#### [What you will do]
From the first line to the last, write out the listing exactly.

#### [Records for this exercise]
- - -

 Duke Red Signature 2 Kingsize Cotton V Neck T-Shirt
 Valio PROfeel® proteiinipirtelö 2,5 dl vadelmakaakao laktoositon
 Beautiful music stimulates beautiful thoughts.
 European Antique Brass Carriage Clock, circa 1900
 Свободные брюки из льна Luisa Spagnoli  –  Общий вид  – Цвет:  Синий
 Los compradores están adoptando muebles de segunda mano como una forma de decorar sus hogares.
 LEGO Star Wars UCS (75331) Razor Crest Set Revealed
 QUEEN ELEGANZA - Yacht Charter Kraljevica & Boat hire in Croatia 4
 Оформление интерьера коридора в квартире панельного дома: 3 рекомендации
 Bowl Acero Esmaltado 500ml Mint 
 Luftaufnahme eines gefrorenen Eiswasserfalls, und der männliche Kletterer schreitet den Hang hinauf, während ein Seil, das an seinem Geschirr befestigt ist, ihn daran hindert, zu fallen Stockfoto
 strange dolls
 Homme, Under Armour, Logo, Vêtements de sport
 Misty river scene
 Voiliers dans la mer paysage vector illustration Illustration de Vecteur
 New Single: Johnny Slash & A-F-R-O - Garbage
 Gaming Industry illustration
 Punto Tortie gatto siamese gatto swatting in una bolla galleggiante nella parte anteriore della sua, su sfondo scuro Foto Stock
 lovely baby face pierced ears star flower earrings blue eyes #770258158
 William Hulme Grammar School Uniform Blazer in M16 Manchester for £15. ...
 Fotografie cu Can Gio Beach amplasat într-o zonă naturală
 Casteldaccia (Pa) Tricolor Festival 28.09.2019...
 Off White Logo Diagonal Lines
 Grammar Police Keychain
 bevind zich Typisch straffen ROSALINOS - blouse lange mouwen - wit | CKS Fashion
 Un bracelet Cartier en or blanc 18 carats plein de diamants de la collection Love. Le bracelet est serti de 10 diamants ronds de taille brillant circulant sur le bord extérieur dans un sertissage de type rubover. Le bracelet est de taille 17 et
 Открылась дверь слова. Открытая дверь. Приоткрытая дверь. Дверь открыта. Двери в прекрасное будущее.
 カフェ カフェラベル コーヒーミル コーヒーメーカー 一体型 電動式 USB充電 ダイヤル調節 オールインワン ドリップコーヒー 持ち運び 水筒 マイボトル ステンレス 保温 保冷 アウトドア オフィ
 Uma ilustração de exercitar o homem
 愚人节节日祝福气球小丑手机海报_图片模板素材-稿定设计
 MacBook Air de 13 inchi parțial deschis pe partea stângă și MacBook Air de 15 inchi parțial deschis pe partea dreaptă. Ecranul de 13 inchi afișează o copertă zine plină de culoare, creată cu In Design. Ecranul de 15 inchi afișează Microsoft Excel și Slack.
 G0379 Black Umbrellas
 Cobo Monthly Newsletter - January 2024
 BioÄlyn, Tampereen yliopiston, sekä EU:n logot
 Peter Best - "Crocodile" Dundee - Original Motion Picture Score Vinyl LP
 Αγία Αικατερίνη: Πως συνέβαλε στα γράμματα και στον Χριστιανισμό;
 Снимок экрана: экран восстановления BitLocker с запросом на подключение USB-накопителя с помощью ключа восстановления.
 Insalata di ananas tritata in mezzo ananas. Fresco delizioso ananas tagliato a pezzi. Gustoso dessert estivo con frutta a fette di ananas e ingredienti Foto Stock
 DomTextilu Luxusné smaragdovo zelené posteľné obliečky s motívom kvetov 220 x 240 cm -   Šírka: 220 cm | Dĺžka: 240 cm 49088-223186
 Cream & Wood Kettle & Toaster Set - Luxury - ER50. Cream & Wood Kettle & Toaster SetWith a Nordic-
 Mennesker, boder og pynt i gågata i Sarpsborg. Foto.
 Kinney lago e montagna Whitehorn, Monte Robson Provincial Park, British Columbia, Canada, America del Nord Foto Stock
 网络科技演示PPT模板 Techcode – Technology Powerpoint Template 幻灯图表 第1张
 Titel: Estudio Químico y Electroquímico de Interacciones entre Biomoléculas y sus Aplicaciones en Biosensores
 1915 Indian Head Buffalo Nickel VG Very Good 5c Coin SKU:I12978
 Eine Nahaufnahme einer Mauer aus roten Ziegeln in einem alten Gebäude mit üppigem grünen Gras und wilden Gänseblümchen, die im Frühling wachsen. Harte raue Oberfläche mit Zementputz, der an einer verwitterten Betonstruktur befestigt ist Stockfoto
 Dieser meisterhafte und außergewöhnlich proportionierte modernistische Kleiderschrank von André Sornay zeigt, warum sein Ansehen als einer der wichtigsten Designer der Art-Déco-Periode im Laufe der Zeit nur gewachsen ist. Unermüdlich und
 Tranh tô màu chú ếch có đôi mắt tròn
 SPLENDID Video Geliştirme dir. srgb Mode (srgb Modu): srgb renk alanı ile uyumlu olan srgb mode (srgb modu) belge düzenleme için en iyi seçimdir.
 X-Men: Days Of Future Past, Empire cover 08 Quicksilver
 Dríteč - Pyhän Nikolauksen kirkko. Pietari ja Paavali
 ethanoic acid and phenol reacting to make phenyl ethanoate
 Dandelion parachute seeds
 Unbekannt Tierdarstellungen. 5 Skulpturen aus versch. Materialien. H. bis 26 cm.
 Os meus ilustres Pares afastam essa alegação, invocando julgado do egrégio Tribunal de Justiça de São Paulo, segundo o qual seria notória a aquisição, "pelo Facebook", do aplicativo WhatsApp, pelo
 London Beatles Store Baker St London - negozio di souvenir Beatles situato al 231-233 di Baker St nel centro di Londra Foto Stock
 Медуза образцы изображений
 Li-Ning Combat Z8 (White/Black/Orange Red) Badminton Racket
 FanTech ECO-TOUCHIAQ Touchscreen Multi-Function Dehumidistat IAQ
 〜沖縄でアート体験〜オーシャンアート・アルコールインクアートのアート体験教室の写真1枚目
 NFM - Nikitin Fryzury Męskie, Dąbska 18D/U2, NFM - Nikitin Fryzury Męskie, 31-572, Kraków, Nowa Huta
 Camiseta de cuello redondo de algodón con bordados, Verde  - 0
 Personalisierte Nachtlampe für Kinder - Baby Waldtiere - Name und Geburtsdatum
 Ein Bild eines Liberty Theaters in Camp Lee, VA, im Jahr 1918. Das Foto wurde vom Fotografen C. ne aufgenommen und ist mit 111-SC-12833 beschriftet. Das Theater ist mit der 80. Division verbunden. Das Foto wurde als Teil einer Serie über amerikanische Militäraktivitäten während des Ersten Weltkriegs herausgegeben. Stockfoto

- - -

#### [Output of the exercise]
 Duke Red Signature 2 Kingsize Cotton V Neck T-Shirt
 Valio PROfeel® proteiinipirtelö 2,5 dl vadelmakaakao laktoositon
 Beautiful music stimulates beautiful thoughts.
 European Antique Brass Carriage Clock, circa 1900
 Свободные брюки из льна Luisa Spagnoli  –  Общий вид  – Цвет:  Синий
 Los compradores están adoptando muebles de segunda mano como una forma de decorar sus hogares.
 LEGO Star Wars UCS (75331) Razor Crest Set Revealed
 QUEEN ELEGANZA - Yacht Charter Kraljevica & Boat hire in Croatia 4
 Оформление интерьера коридора в квартире панельного дома: 3 рекомендации
 Bowl Acero Esmaltado 500ml Mint 
 Luftaufnahme eines gefrorenen Eiswasserfalls, und der männliche Kletterer schreitet den Hang hinauf, während ein Seil, das an seinem Geschirr befestigt ist, ihn daran hindert, zu fallen Stockfoto
 strange dolls
 Homme, Under Armour, Logo, Vêtements de sport
 Misty river scene
 Voiliers dans la mer paysage vector illustration Illustration de Vecteur
 New Single: Johnny Slash & A-F-R-O - Garbage
 Gaming Industry illustration
 Punto Tortie gatto siamese gatto swatting in una bolla galleggiante nella parte anteriore della sua, su sfondo scuro Foto Stock
 lovely baby face pierced ears star flower earrings blue eyes #770258158
 William Hulme Grammar School Uniform Blazer in M16 Manchester for £15. ...
 Fotografie cu Can Gio Beach amplasat într-o zonă naturală
 Casteldaccia (Pa) Tricolor Festival 28.09.2019...
 Off White Logo Diagonal Lines
 Grammar Police Keychain
 bevind zich Typisch straffen ROSALINOS - blouse lange mouwen - wit | CKS Fashion
 Un bracelet Cartier en or blanc 18 carats plein de diamants de la collection Love. Le bracelet est serti de 10 diamants ronds de taille brillant circulant sur le bord extérieur dans un sertissage de type rubover. Le bracelet est de taille 17 et
 Открылась дверь слова. Открытая дверь. Приоткрытая дверь. Дверь открыта. Двери в прекрасное будущее.
 カフェ カフェラベル コーヒーミル コーヒーメーカー 一体型 電動式 USB充電 ダイヤル調節 オールインワン ドリップコーヒー 持ち運び 水筒 マイボトル ステンレス 保温 保冷 アウトドア オフィ
 Uma ilustração de exercitar o homem
 愚人节节日祝福气球小丑手机海报_图片模板素材-稿定设计
 MacBook Air de 13 inchi parțial deschis pe partea stângă și MacBook Air de 15 inchi parțial deschis pe partea dreaptă. Ecranul de 13 inchi afișează o copertă zine plină de culoare, creată cu In Design. Ecranul de 15 inchi afișează Microsoft Excel și Slack.
 G0379 Black Umbrellas
 Cobo Monthly Newsletter - January 2024
 BioÄlyn, Tampereen yliopiston, sekä EU:n logot
 Peter Best - "Crocodile" Dundee - Original Motion Picture Score Vinyl LP
 Αγία Αικατερίνη: Πως συνέβαλε στα γράμματα και στον Χριστιανισμό;
 Снимок экрана: экран восстановления BitLocker с запросом на подключение USB-накопителя с помощью ключа восстановления.
 Insalata di ananas tritata in mezzo ananas. Fresco delizioso ananas tagliato a pezzi. Gustoso dessert estivo con frutta a fette di ananas e ingredienti Foto Stock
 DomTextilu Luxusné smaragdovo zelené posteľné obliečky s motívom kvetov 220 x 240 cm -   Šírka: 220 cm | Dĺžka: 240 cm 49088-223186
 Cream & Wood Kettle & Toaster Set - Luxury - ER50. Cream & Wood Kettle & Toaster SetWith a Nordic-
 Mennesker, boder og pynt i gågata i Sarpsborg. Foto.
 Kinney lago e montagna Whitehorn, Monte Robson Provincial Park, British Columbia, Canada, America del Nord Foto Stock
 网络科技演示PPT模板 Techcode – Technology Powerpoint Template 幻灯图表 第1张
 Titel: Estudio Químico y Electroquímico de Interacciones entre Biomoléculas y sus Aplicaciones en Biosensores
 1915 Indian Head Buffalo Nickel VG Very Good 5c Coin SKU:I12978
 Eine Nahaufnahme einer Mauer aus roten Ziegeln in einem alten Gebäude mit üppigem grünen Gras und wilden Gänseblümchen, die im Frühling wachsen. Harte raue Oberfläche mit Zementputz, der an einer verwitterten Betonstruktur befestigt ist Stockfoto
 Dieser meisterhafte und außergewöhnlich proportionierte modernistische Kleiderschrank von André Sornay zeigt, warum sein Ansehen als einer der wichtigsten Designer der Art-Déco-Periode im Laufe der Zeit nur gewachsen ist. Unermüdlich und
 Tranh tô màu chú ếch có đôi mắt tròn
 SPLENDID Video Geliştirme dir. srgb Mode (srgb Modu): srgb renk alanı ile uyumlu olan srgb mode (srgb modu) belge düzenleme için en iyi seçimdir.
 X-Men: Days Of Future Past, Empire cover 08 Quicksilver
 Dríteč - Pyhän Nikolauksen kirkko. Pietari ja Paavali
 ethanoic acid and phenol reacting to make phenyl ethanoate
 Dandelion parachute seeds
 Unbekannt Tierdarstellungen. 5 Skulpturen aus versch. Materialien. H. bis 26 cm.
 Os meus ilustres Pares afastam essa alegação, invocando julgado do egrégio Tribunal de Justiça de São Paulo, segundo o qual seria notória a aquisição, "pelo Facebook", do aplicativo WhatsApp, pelo
 London Beatles Store Baker St London - negozio di souvenir Beatles situato al 231-233 di Baker St nel centro di Londra Foto Stock
 Медуза образцы изображений
 Li-Ning Combat Z8 (White/Black/Orange Red) Badminton Racket
 FanTech ECO-TOUCHIAQ Touchscreen Multi-Function Dehumidistat IAQ
 〜沖縄でアート体験〜オーシャンアート・アルコールインクアートのアート体験教室の写真1枚目
 NFM - Nikitin Fryzury Męskie, Dąbska 18D/U2, NFM - Nikitin Fryzury Męskie, 31-572, Kraków, Nowa Huta
 Camiseta de cuello redondo de algodón con bordados, Verde  - 0
 Personalisierte Nachtlampe für Kinder - Baby Waldtiere - Name und Geburtsdatum
 Ein Bild eines Liberty Theaters in Camp Lee, VA, im Jahr 1918. Das Foto wurde vom Fotografen C. ne aufgenommen und ist mit 111-SC-12833 beschriftet. Das Theater ist mit der 80. Division verbunden. Das Foto wurde als Teil einer Serie über amerikanische Militäraktivitäten während des Ersten Weltkriegs herausgegeben. Stockfoto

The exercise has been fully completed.